K-Mistele · 2024-05-10T19:41:41Z

I have a couple ideas to add, that I can take a crack at this weekend if you would be open to it!

It might be be worthwhile to allow using jinja templating for defining the tool call system prompt to simplify and allow more flexibility and customization
It might be worthwhile to allow a user to specify somehow if they want guided generation ("outlines") to be used for tool calls. Some models (e.g. the Hermes 2 Pro Models by Nous Research, which this PR seems to default to in terms of the default templates) don't require guided generation for tool output, and guided generation can introduce overhead if the output choices (tool calls) are complex JSON objects. Notes on this from the vLLM discord here and here
The Hermes 2 models also use system prompts for the tool calls - this PR does not allow you to request/enforce that, but simple adds the tool call to the first message regardless of the role. it is probably a good idea to check if there is a system-role message and if so add the tool call stuff to it, and if not, then add the tool call stuff as a system-role message

K-Mistele · 2024-05-10T19:59:43Z

vllm/entrypoints/openai/tools.py

+            elif isinstance(request.messages,
+                            List) and len(request.messages) >= 1:
+                request.messages[0].content = request.messages[
+                    0].content.strip() + "\n\n" + text_inject


This just adds the system prompt to the first message. In almost every case tool calls should be a system prompt message (except for chat formats that don't do system prompts, but that's a marginal amount), so instead of checking for the first message and just adding the tool call prompt, it might be better to do something like this:

if isinstance(request.messages, str): # suggested change: for string prompts, put the tool usage before the prompt request.messages = text_inject + '\n\n' + request.messages.strip() elif isinstance(request.messages, List) and len(request.messages) >= 1: # suggested change: check to see if the first message is a system message. If so, edit it. # otherwise, add a system prompt if request.messages[0].role == 'system': request.messages[0].content = request.messages[0].content.strip() + '\n\n' + text_inject else: request.messages = [{'role': 'system', 'content': text_inject}] + request.messages

Xwdit · 2024-05-11T12:43:44Z

I have a couple ideas to add, that I can take a crack at this weekend if you would be open to it!

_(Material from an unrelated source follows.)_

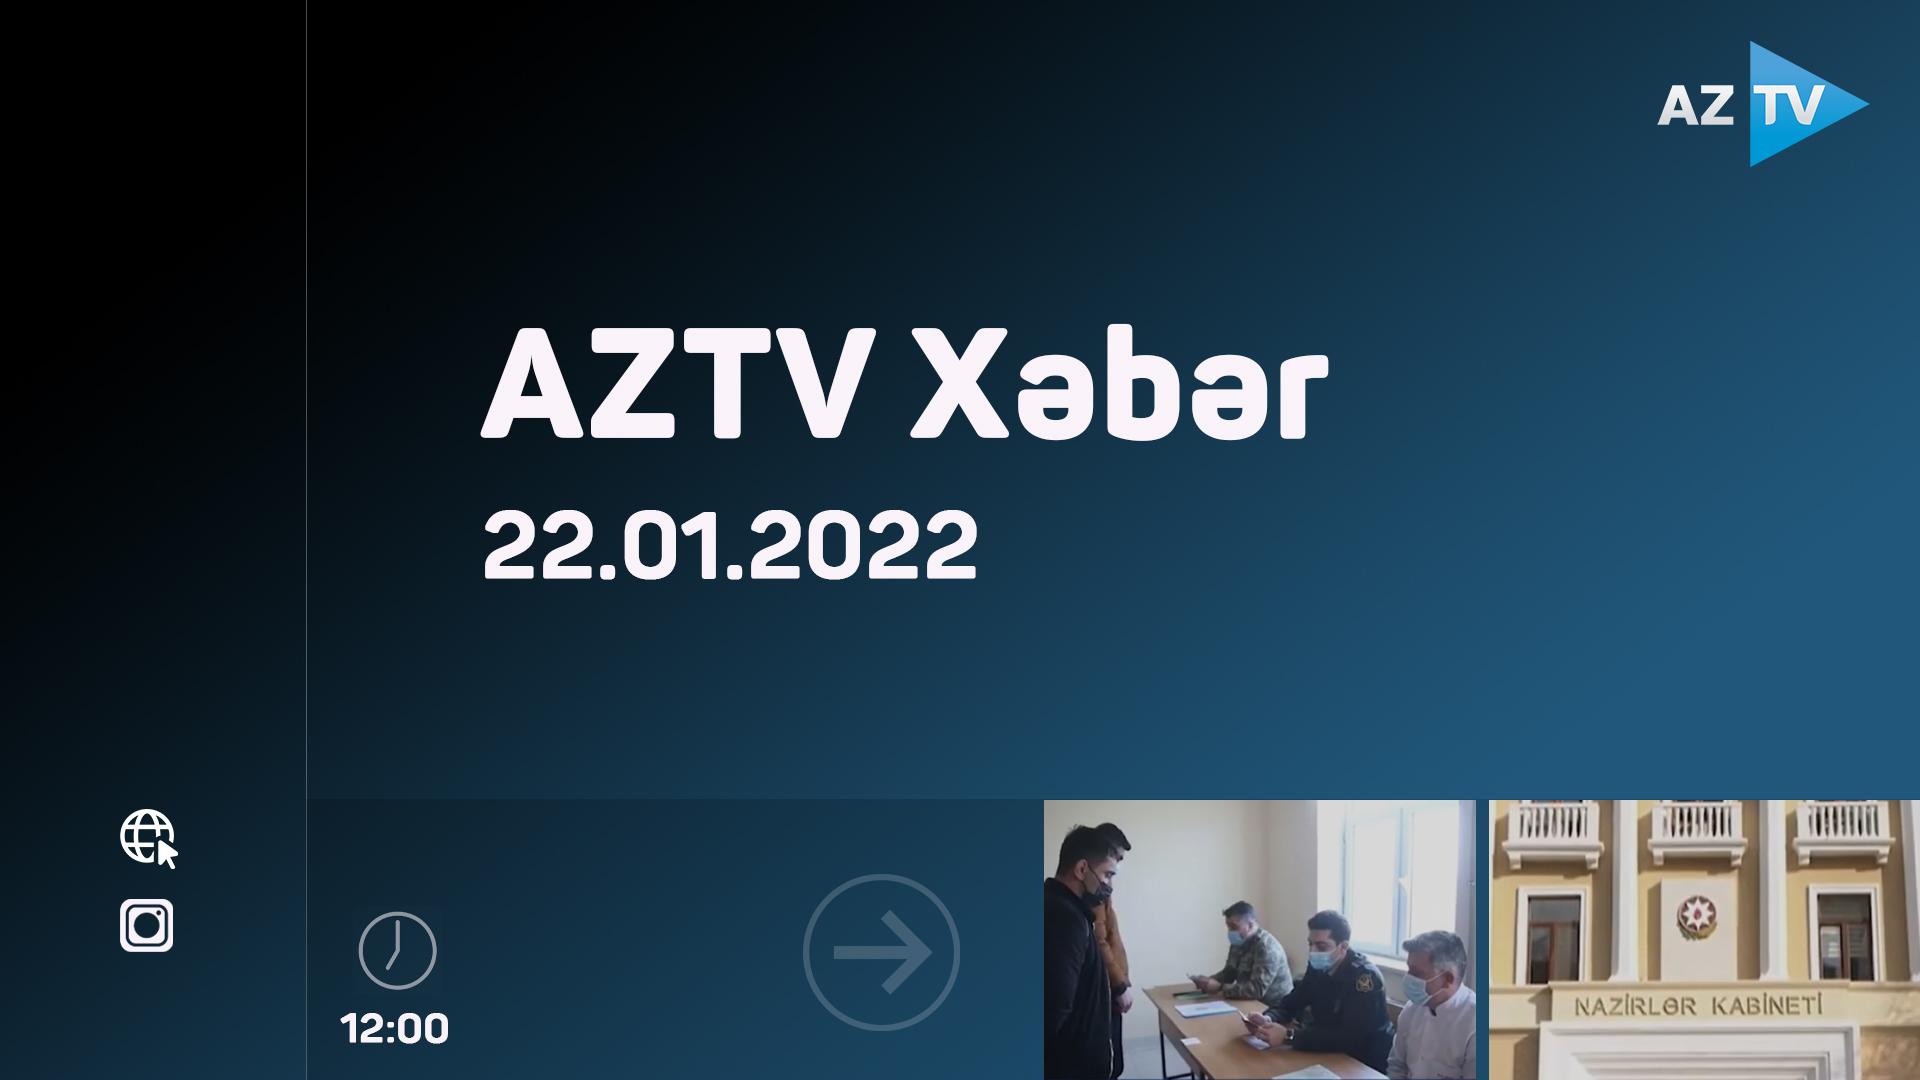 AZTV Xəbər 12:00 | 22.01.2022

It might be be worthwhile to allow using jinja templating for defining the tool call system prompt to simplify and allow more flexibility and customization

It might be worthwhile to allow a user to specify somehow if they want guided generation ("outlines") to be used for tool calls. Some models (e.g. the Hermes 2 Pro Models by Nous Research, which this PR seems to default to in terms of the default templates) don't require guided generation for tool output, and guided generation can introduce overhead if the output choices (tool calls) are complex JSON objects. Notes on this from the vLLM discord here and here

The Hermes 2 models also use system prompts for the tool calls - this PR does not allow you to request/enforce that, but simple adds the tool call to the first message regardless of the role. it is probably a good idea to check if there is a system-role message and if so add the tool call stuff to it, and if not, then add the tool call stuff as a system-role message

Hello, sorry I just saw this message; thank you very much for being willing to contribute to this PR and VLLM. If you are willing, I would greatly appreciate it

K-Mistele · 2024-05-12T22:49:11Z

What is the preferred way to contribute to a PR? Should I create a new one with all the changes in this one and additions, or create a PR into your branch on your fork?

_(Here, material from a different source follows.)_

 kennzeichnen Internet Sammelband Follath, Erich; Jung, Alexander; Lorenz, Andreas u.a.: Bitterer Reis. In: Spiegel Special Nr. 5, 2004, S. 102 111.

Xwdit · 2024-05-13T00:25:45Z

What is the preferred way to contribute to a PR? Should I create a new one with all the changes in this one and additions, or create a PR into your branch on your fork?

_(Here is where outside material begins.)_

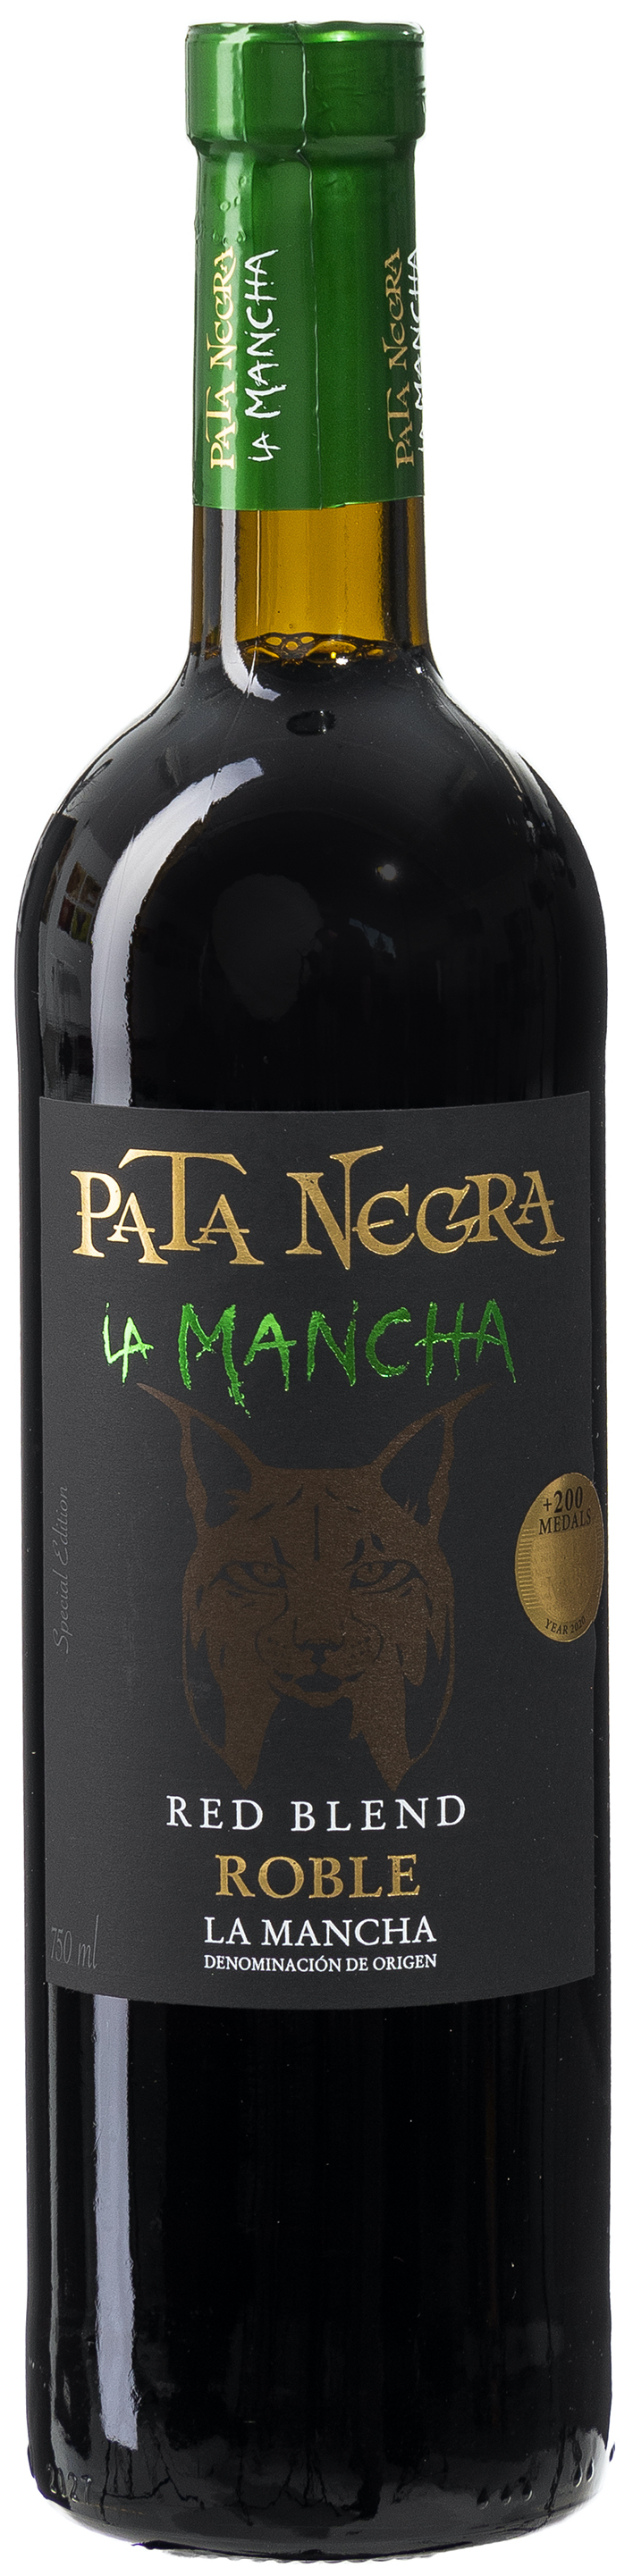 Pata Negra Roble La Mancha 13,5% vol. 0,75L

It's fine with me either way, do as you prefer

Xwdit · 2024-05-13T01:55:48Z

What is the preferred way to contribute to a PR? Should I create a new one with all the changes in this one and additions, or create a PR into your branch on your fork?

I have rebased the PR to the latest commit on vllm, don't forget to sync before you start working ;)

K-Mistele · 2024-05-14T22:46:08Z

I have been thinking about this a lot and I have a few more thoughts:

1. Ensuring that tools are in a system prompt

I think that this would be a good change to make. I added it in the branch that I'm making, and will PR it into this branch on your fork @Xwdit - then if/when it's merged, it will be reflected in this PR

2. Guided Generation / Outlines

After digging through the code some more, I realized that guided output is only forced if you use tool_choice, and isn't forced otherwise if you set it to auto - so my performance concerns shouldn't be an issue.

3. Tool Choice System Prompt Formatting

I was thinking more about how to handle tool usage and tool calling, and I think that it's probably just easiest and best to let people provide a jinja template for the tool usage system prompt, with a tools parameter that receives the list of tools specified in the OpenAI API - their template can specify how to process it.

Familiarity

Users are in many cases familiar with Jinja already, since it is commonly used for chat message formatting including in this framework. (for OpenAI API-compatible chat completions, see the --chat-template TEMPLATE CLI argument

Additionally, many models in hugging face specify a chat prompt jinja template in their tokenizer_config.json - if tool-using open models proliferate, we might expect that they may do the same for tool usage, in which case it would be easy to support in vLLM with minimal refactoring.

Flexibility & Future-Proof

Allowing vLLM users to specify their own Jinja template for the tool usage system prompt, similar to allowing them to specify a Jinja template for the chat prompt formatting, is flexible and allows for a wide variety of models and templates.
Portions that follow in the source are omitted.